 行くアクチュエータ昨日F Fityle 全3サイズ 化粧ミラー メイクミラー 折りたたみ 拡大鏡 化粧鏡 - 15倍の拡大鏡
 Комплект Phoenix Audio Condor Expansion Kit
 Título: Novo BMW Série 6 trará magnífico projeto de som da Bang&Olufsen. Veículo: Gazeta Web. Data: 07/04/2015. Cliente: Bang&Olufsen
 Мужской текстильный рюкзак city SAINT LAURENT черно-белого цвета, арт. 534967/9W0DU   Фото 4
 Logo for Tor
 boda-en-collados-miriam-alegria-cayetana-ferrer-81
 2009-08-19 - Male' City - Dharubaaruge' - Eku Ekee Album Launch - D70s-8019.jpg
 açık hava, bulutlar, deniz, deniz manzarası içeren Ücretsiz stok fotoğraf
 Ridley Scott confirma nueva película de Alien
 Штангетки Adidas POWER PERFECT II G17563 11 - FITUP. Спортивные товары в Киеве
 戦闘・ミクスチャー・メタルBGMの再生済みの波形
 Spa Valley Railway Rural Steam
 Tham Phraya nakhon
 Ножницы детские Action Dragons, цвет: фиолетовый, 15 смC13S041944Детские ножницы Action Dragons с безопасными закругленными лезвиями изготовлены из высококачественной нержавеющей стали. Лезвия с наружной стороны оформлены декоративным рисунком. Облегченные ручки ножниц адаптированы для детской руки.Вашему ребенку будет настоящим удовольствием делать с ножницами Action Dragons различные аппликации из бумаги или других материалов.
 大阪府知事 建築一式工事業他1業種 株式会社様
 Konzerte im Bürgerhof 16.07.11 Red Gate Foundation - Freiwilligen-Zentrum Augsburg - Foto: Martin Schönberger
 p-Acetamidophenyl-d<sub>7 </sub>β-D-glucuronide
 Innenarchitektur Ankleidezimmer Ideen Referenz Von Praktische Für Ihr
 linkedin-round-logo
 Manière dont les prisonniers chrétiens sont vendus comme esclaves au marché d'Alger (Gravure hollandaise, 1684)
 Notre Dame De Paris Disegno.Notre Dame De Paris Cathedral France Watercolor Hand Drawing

| ACTIVITY |
Could you repeat exactly the lines in the listing above from the one with "Ridley Scott confirma" down to the one with "Tham Phraya nakhon"? Include both of those lines.

| THE COMPLETED TASK |
 Ridley Scott confirma nueva película de Alien
 Штангетки Adidas POWER PERFECT II G17563 11 - FITUP. Спортивные товары в Киеве
 戦闘・ミクスチャー・メタルBGMの再生済みの波形
 Spa Valley Railway Rural Steam
 Tham Phraya nakhon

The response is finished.